For fans circling the activation, this blend of music and worldbuilding felt personal. Dressed in a head-to-toe DIY costume and gear, designer, cosplayer and gamer, Priya Sarsaiya embodied the character of Raze, the Brazilian duelist agent who also doubles as a graffiti artist, down to the last detail. An ardent fan and also a visual designer, she stated how VALORANT’s detail-oriented approach extends not just to their vibrant art style, but also to their music videos. These videos spotlight character-driven arcs that are enriched with backstories, lore and quintessential audio-visual aesthetics of the gaming company. Her favorite tunes reflected this connection: “Ticking Away” as her all-time pick, and “Renegade” as a gaming essential.

Indian Cosplay judge and propmaker Surya Sreenivasan, cosplaying the machismo of agent Liam “Brimstone” Byrne shared a similar sentiment. Having already collaborated with Riot Games to create more than ten props for Indian cosplayers, he also built the weapons wall showcased at the festival. While he was vibing earlier to “Shinpai Muyou” by Yuki Chiba along with Indian gaming streamer Citysushi, or Sakshi, he cheekily chose his current favorite track as “M.I.A Game Changers Version” by Katseye.

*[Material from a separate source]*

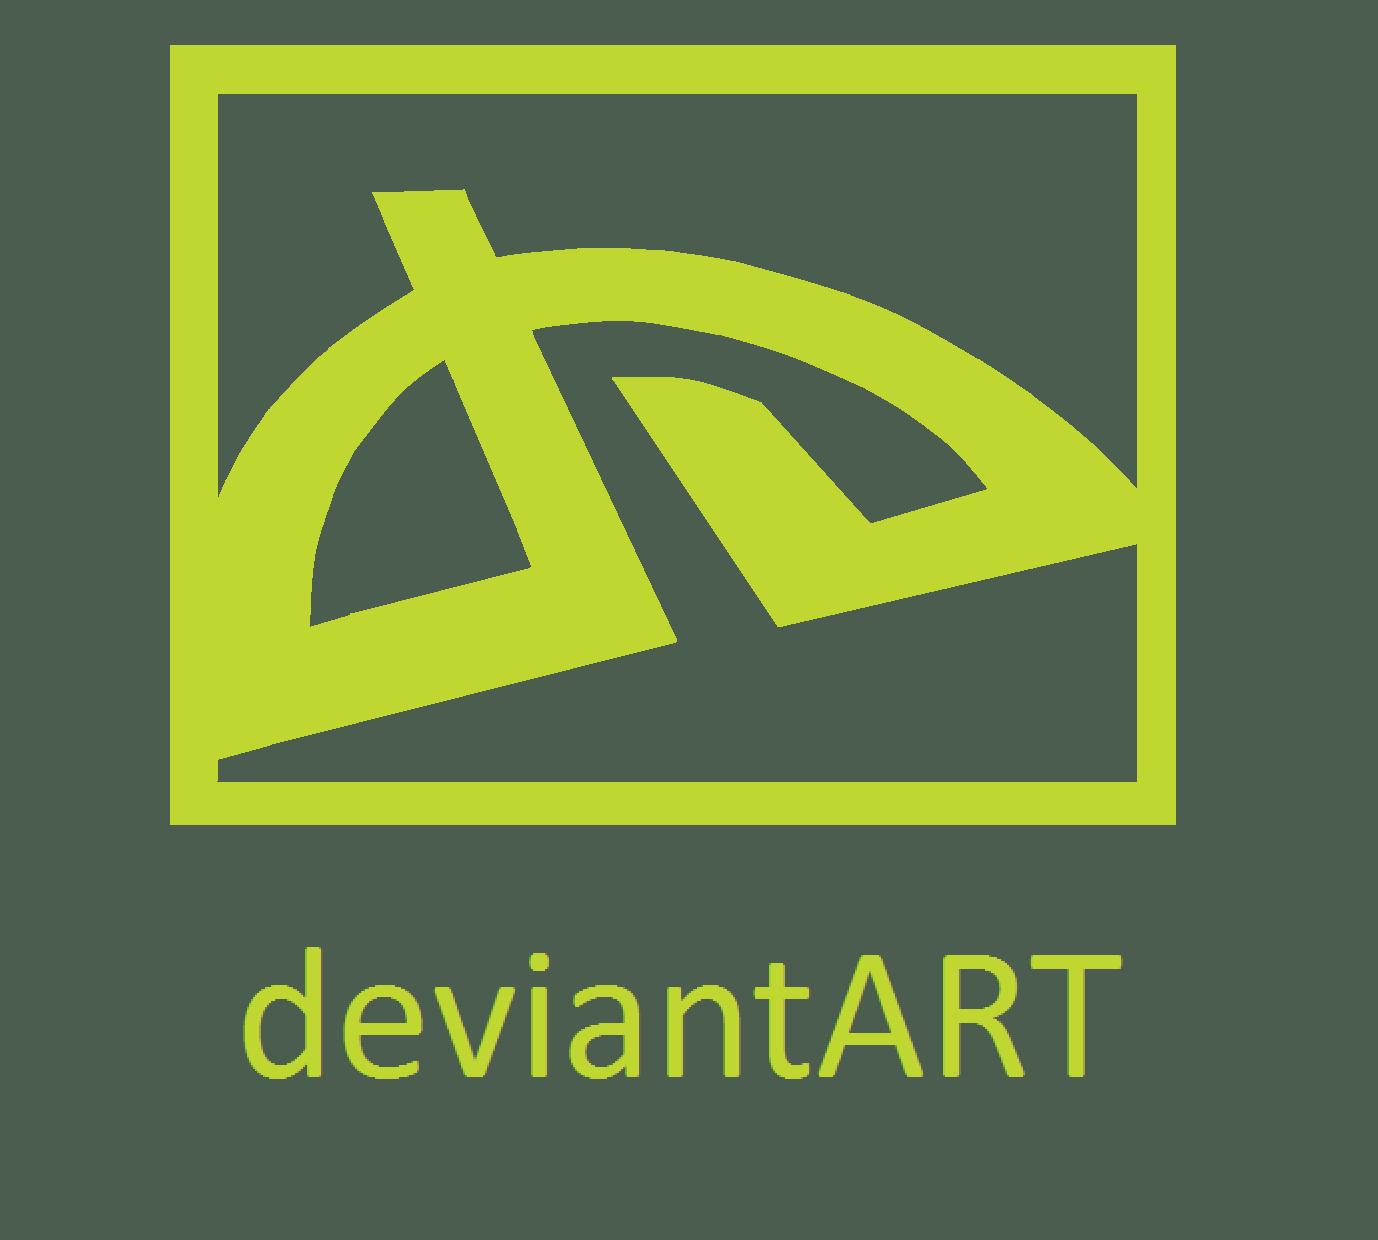 deviantart-logo-png.jpg

From the brand’s perspective, the synergy was emblematic of music and gaming’s spirited bond. Riot Games’ Brand Manager Anushka Bhatnagar explained how Indian gamers are inherently musically inclined, resonating to tracks like “Raja,” for which they got an outpour of positive responses.

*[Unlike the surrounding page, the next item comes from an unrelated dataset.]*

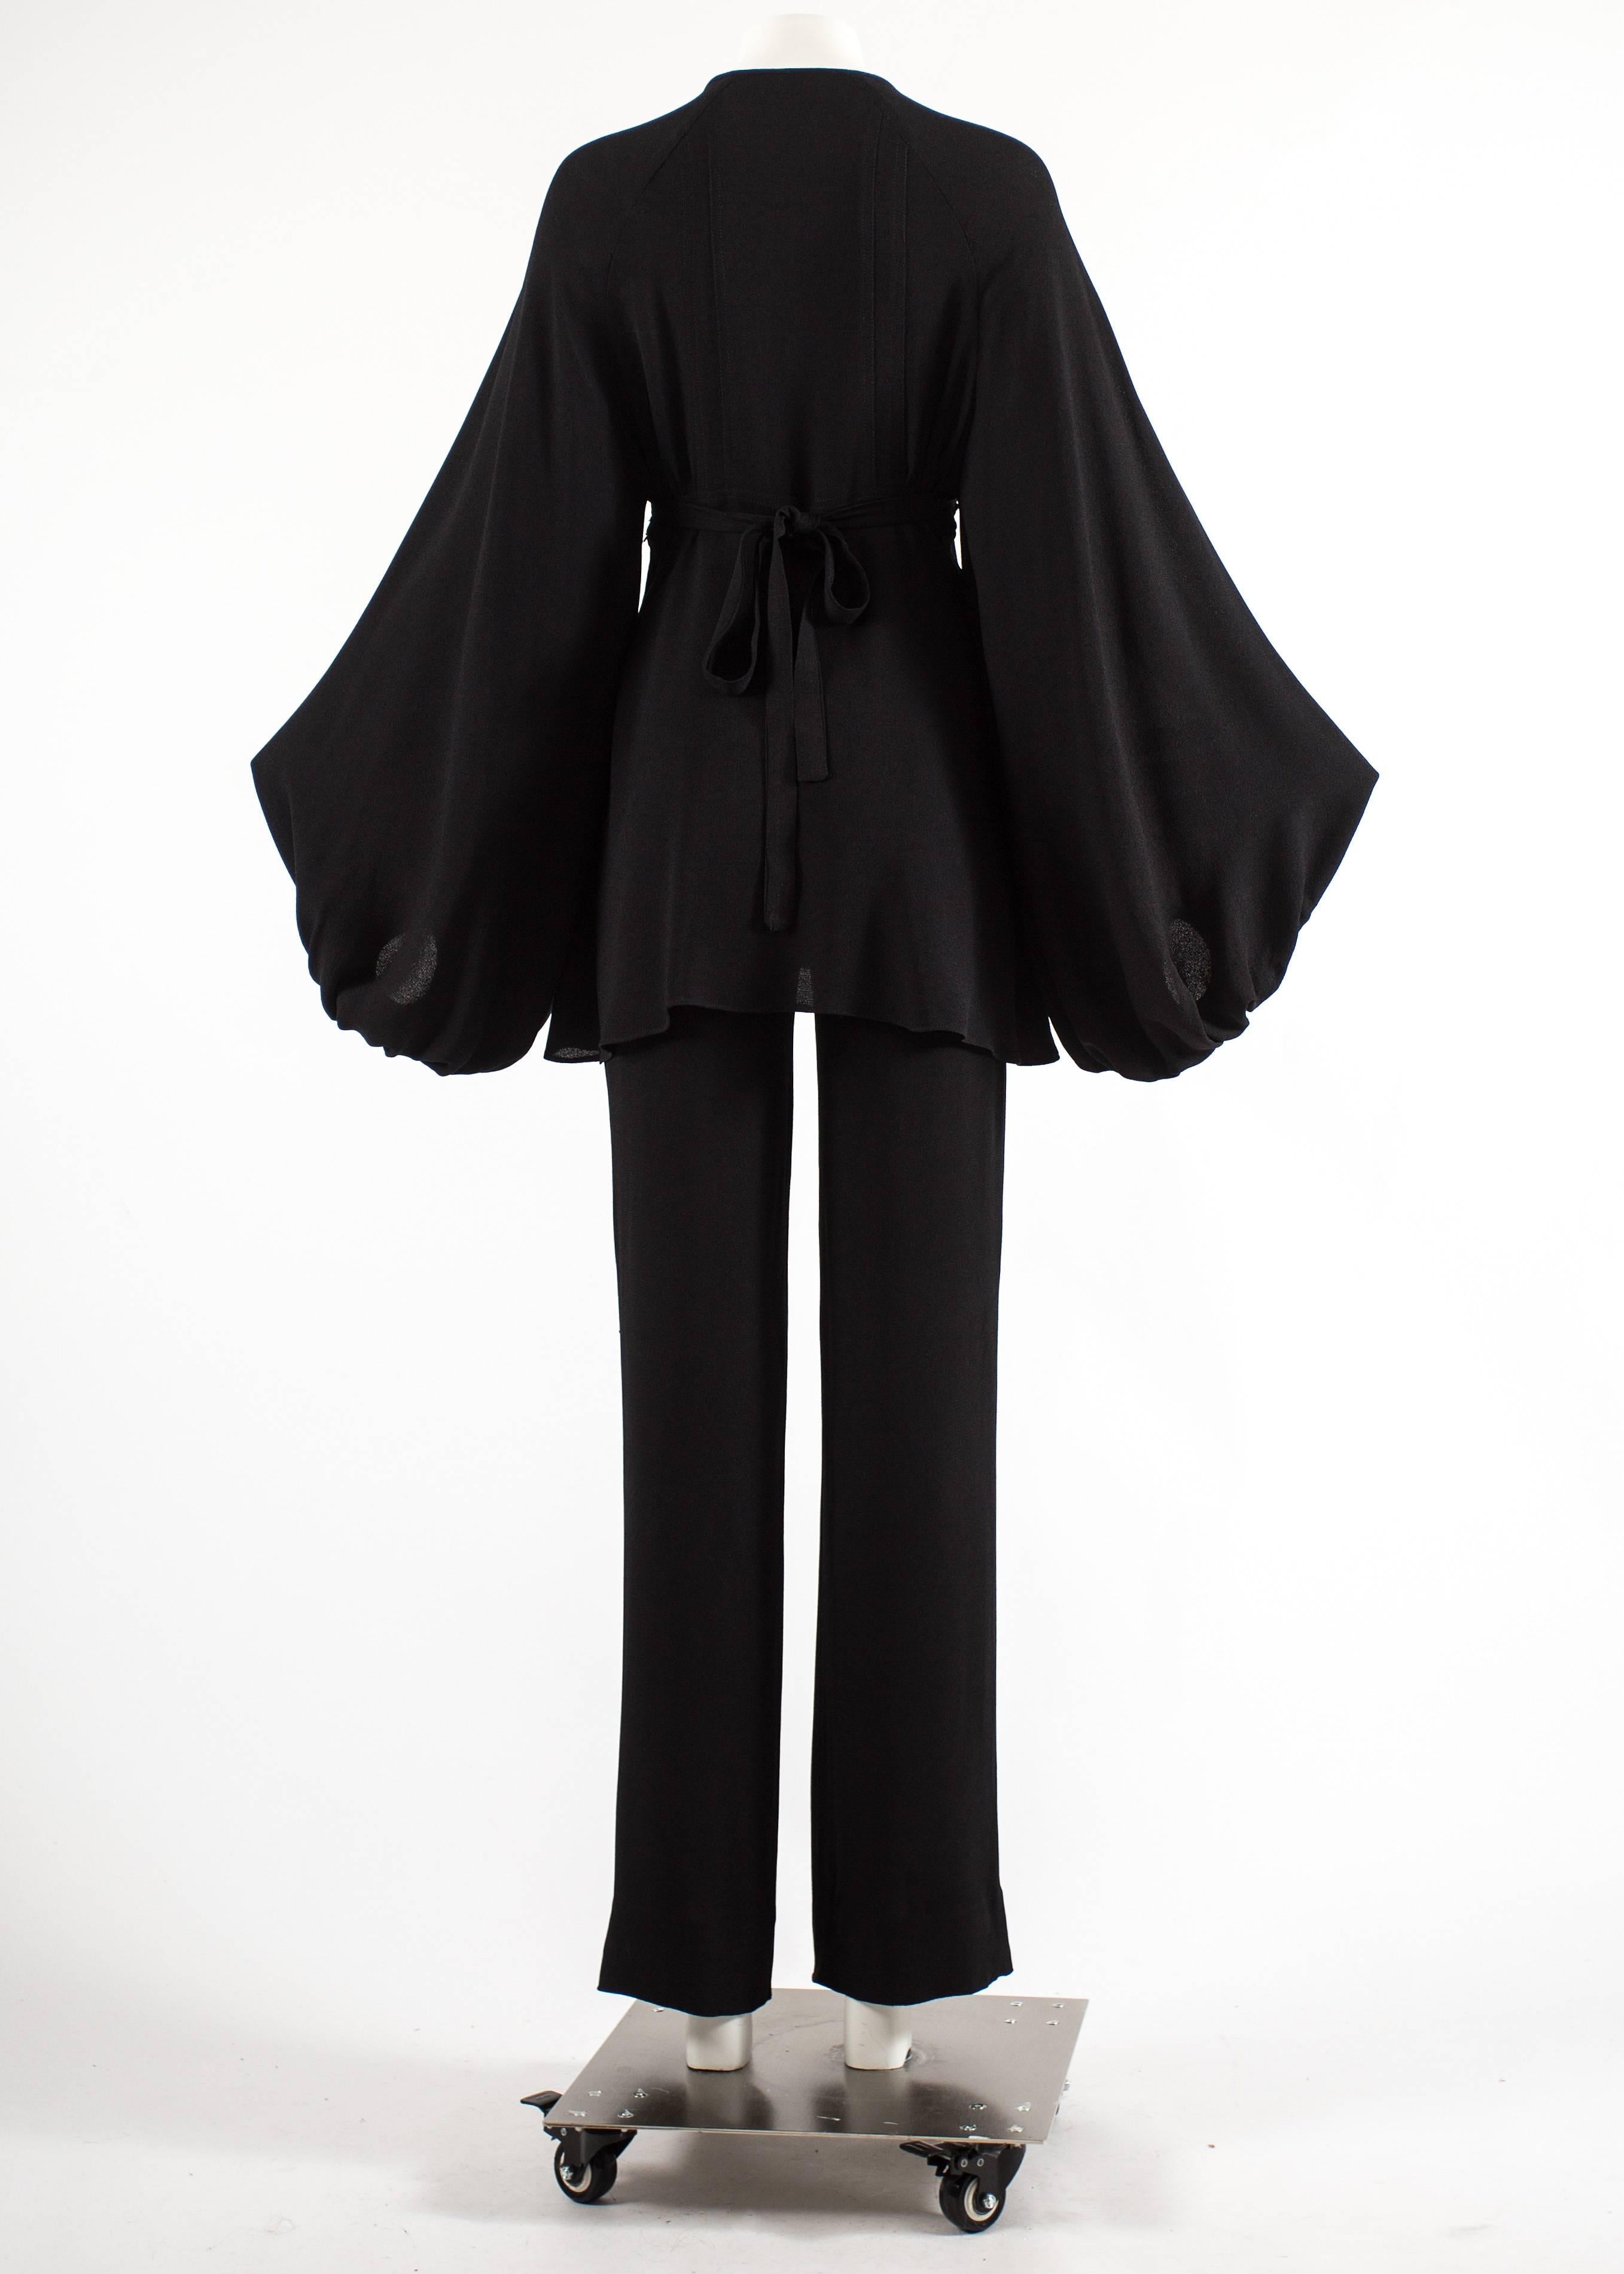 Women's Ossie Clark 1970 black moss crepe pant suit

For her, VALORANT rests at the intersection of music, culture, gaming, and community, which a global music festival like Rolling Loud India naturally amplifies. “There’s a strong overlap between our audiences at VALORANT and Rolling Loud India,” she said. “We want to be where the players are.” She described how attendees organically bounced between 1v1s , experiential activations, and musical discovery, whether it was listening to the VALORANT playlist amidst the festival madness or simply vibing to the moment. When asked which track she would dedicate to the Indian VALORANT e-sports team, she didn’t hesitate: “Raja.”

All in all, VALORANT and Rolling Loud India’s supersonic link-up underscored Indian audiences’ insatiable appetite for global music. From gaming soundtracks to hip-hop headliners, such sonic collisions of parallel worlds are indicators of what fans and festival-goers are rooting for. Gaming now goes beyond screens and chat rooms, becoming a communal hub. It unites players and concert attendees across cultures, borders and identities, while becoming a playground for discovering their next favorite track.